Mais remet-on un mémorandum à la veille de faire un coup d’Etat ? Peut-on faire un coup d’Etat quand on a 70 de ses membres internés et que l’on sait qu’ils seront torturés ?
Des déclarations officielles donneraient peut-être la clé du problème. Selon l’une d’entre elles, Khartoum ne reprendrait pas les pourparlers du Darfour avec le Mouvement pour la Justice et l’Egalité « qui a eu un rôle dans la tentative de coup d’Etat ». Voilà une manière élégante de renoncer aux négociations. Par ailleurs, Béchir soutenait que c’était le devoir du gouvernement de protéger son peuple, mais « comment pouvons-nous le faire si nous sommes occupés par un conflit interne »? Voici une bonne dérobade pour les atermoiements au Darfour et au Sud, une bonne excuse pour appeler « chaque jeune homme à s’engager dans les forces de défense populaire et l’armée » et éventuellement réduire encore les droits de l’Homme. Voici aussi pour l’Occident une mise en garde : s’il renverse ce régime, les partisans de Tourabi, beaucoup plus extrémistes, messianistes, islamistes, prendront le pouvoir. De nombreux officiels répétaient l’antienne : « Le démembrement du Soudan serait au détriment de toute l’Afrique, contribuant à l’instabilité régionale. Cimenter l’unité du Soudan est dans l’intérêt de la communauté internationale ». Des hauts parleurs de la radio d’Etat, montés sur véhicules, serinaient «  les ennemis du Soudan arment les rebelles du Darfour, les ennemis du Soudan veulent renverser le gouvernement ». Peu frappés par la disparité entre les pourparlers de paix à l’extérieur et les arrestations à l’intérieur, des diplomates américains et britanniques notent désormais que la chute du régime pourrait encore aggraver les choses. Selon un haut responsable britannique «  Le gouvernement soudanais est au bord du gouffre....L’alternative à ce régime peu appréciable n’est pas un régime plus appréciable. C’est un Etat en faillite ». Et Snyder, le représentant américain au Soudan : « Le Soudan risque de tomber dans une anarchie de style somalien ». Les Etats-Unis semblent sur le point d’être convaincus que l’affaiblissement du régime menace la sécurité régionale.
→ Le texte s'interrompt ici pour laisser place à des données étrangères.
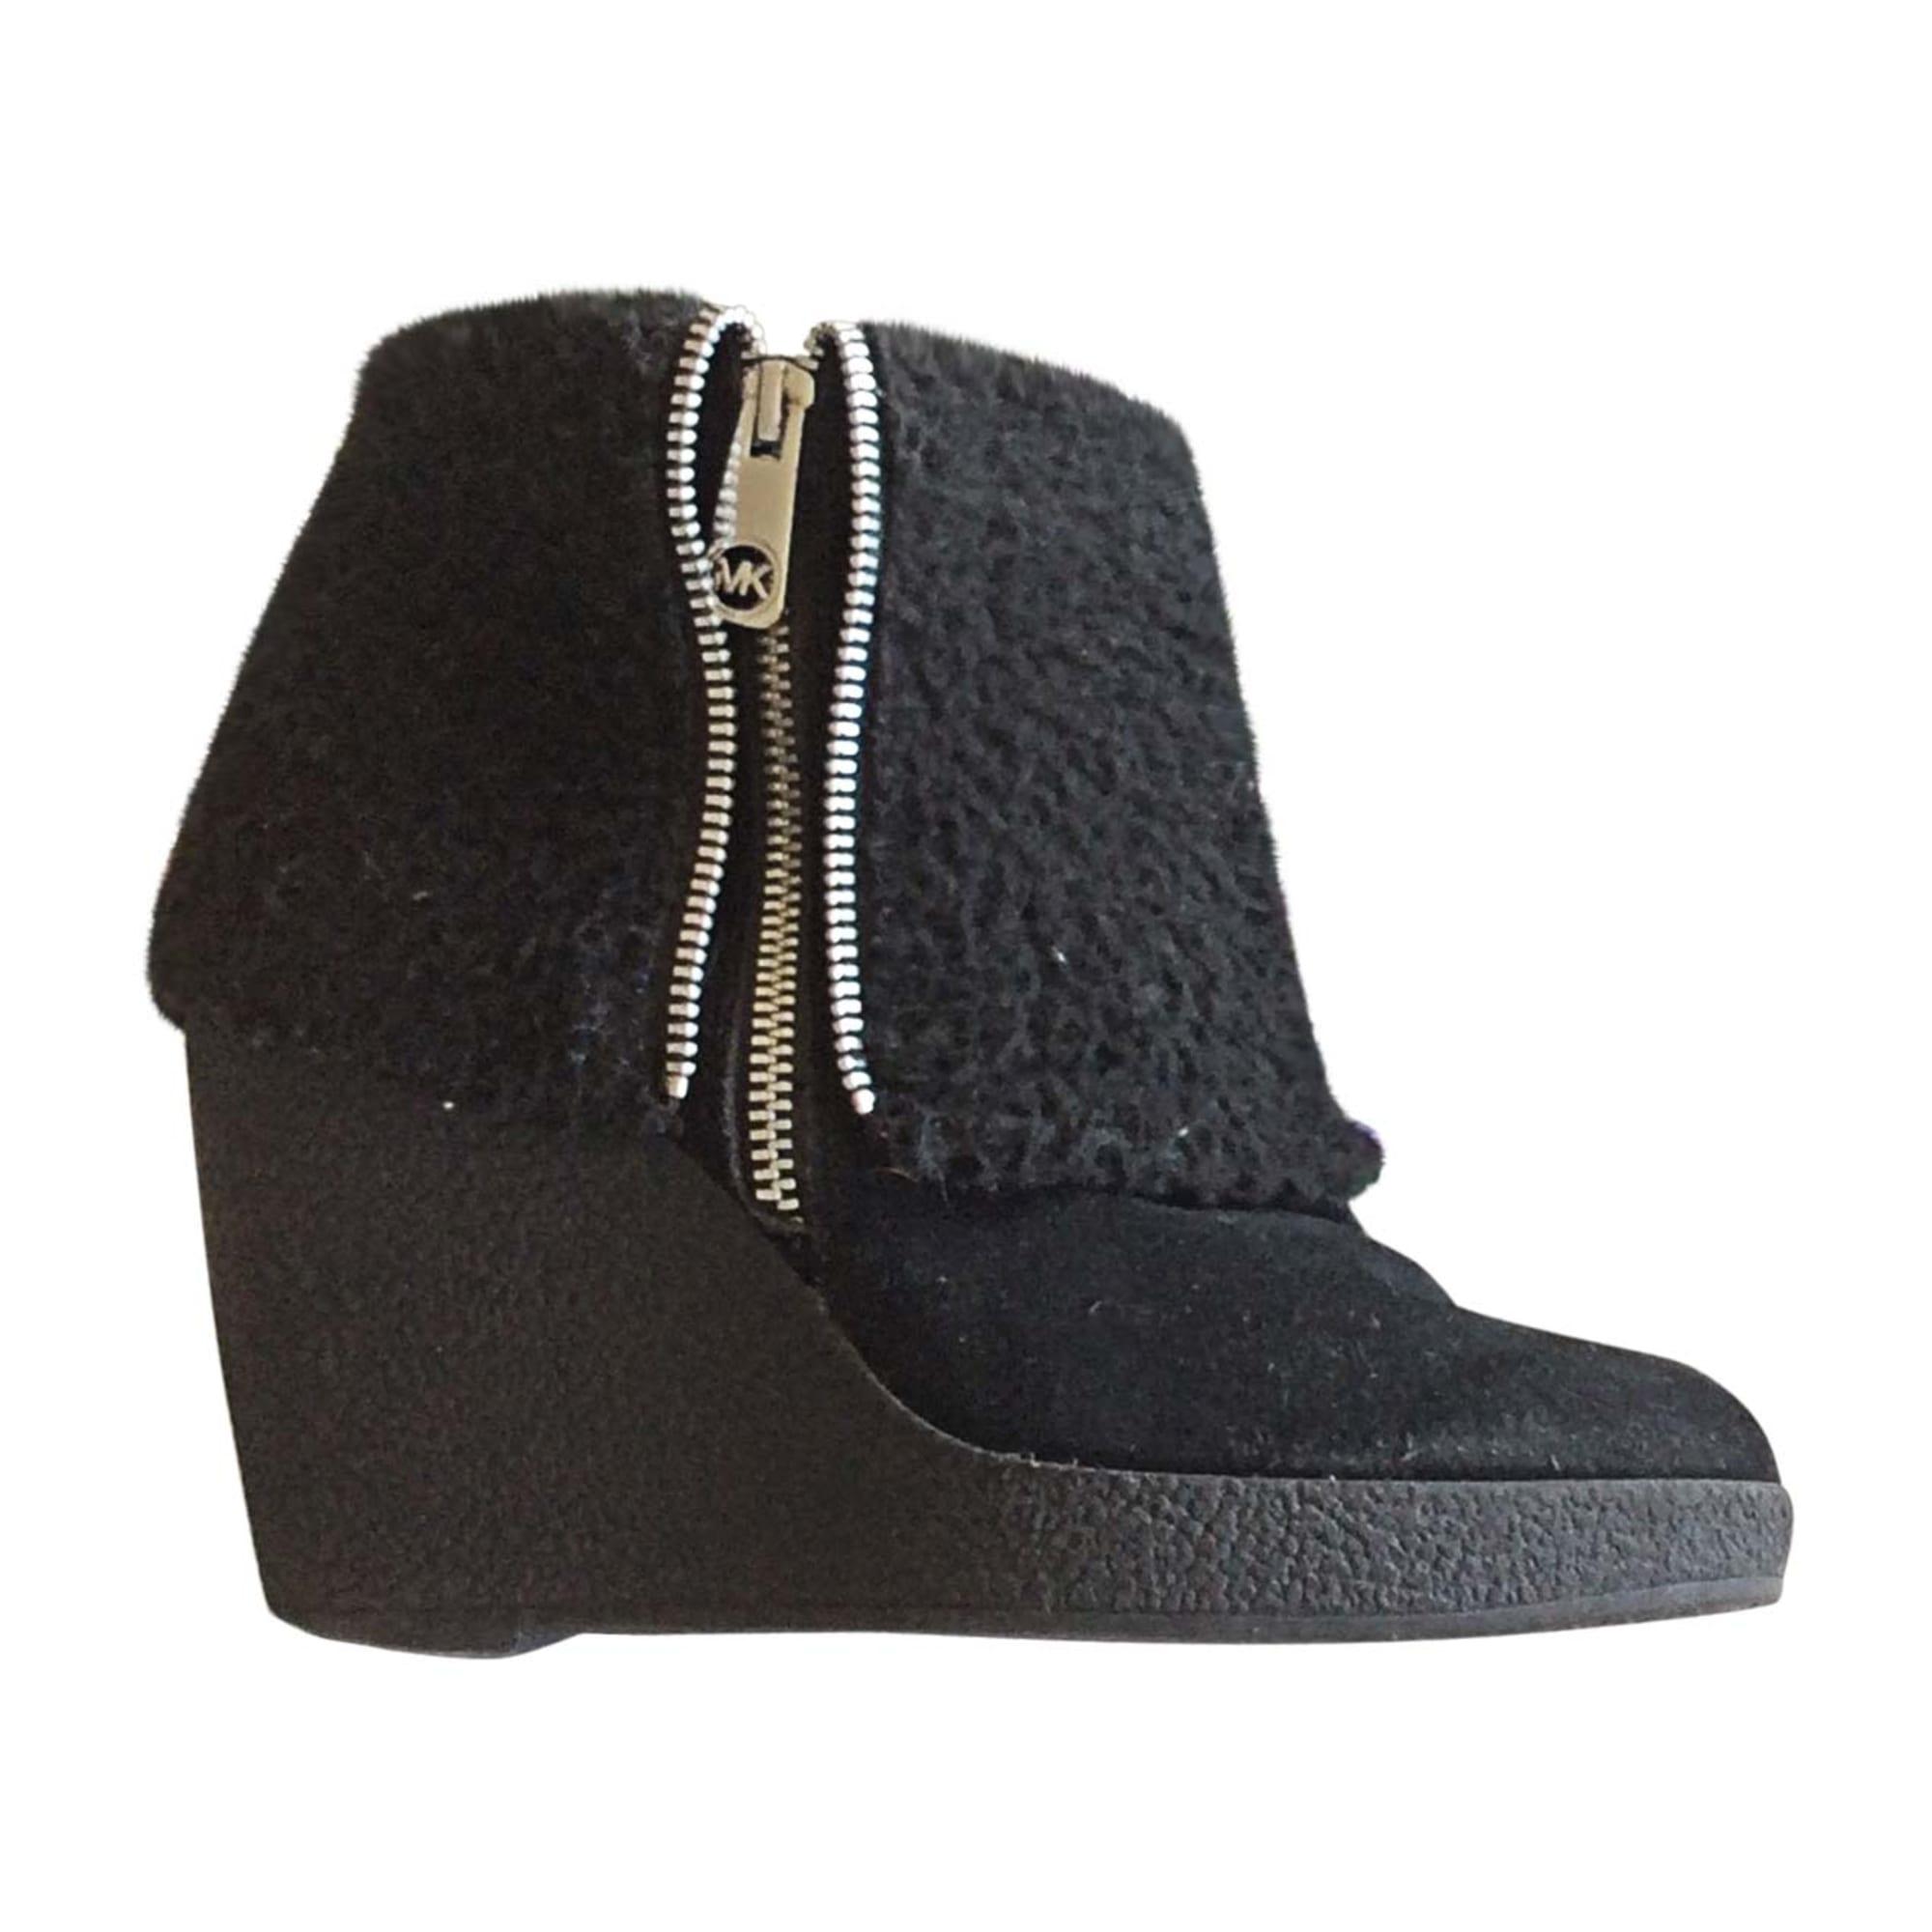 Bottines & low boots à compensés MICHAEL KORS Noir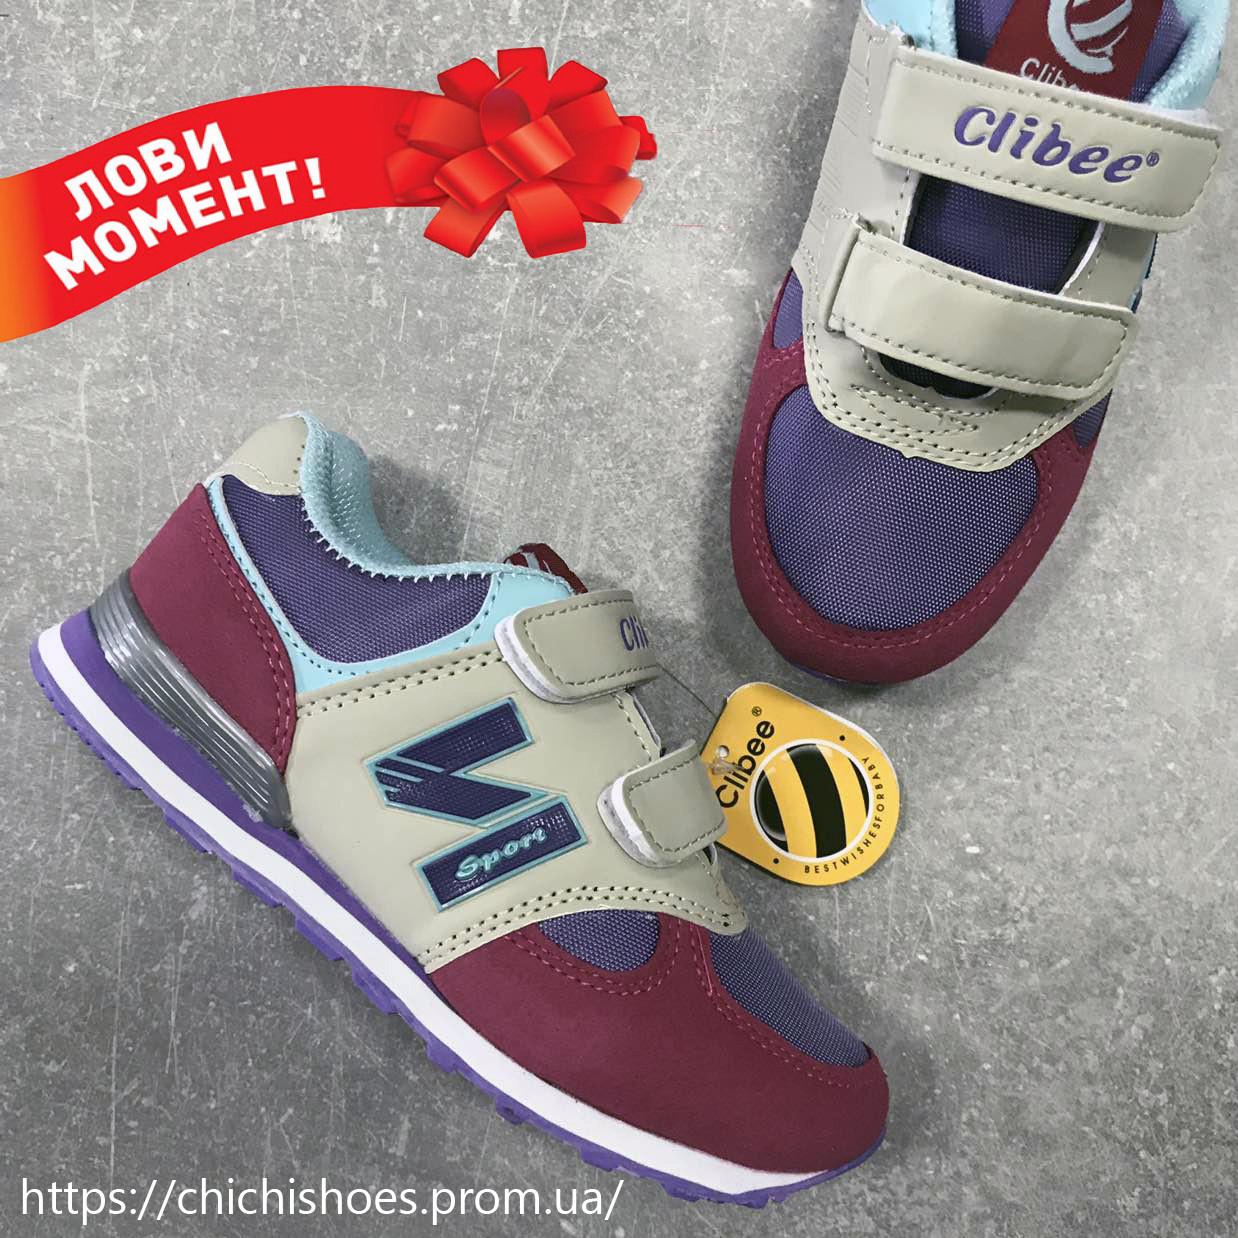 ee81d908 Разноцветные детские кроссовки Clibee 32-35 размер: продажа, цена в ...

Tant de résultats positifs pour Béchir font vraiment douter de la réalité de la tentative de coup d’Etat. C’est l’opinion de l’homme de la rue et du MLPS. Mais, comme l’écrit Africa Confidential, quel talent pour retourner à son avantage une situation particulièrement difficile !
Après 15 ans, la communauté internationale ne peut ni ignorer ce talent, ni ignorer que le régime fait tout pour survivre, y compris parfois choisir de coopérer.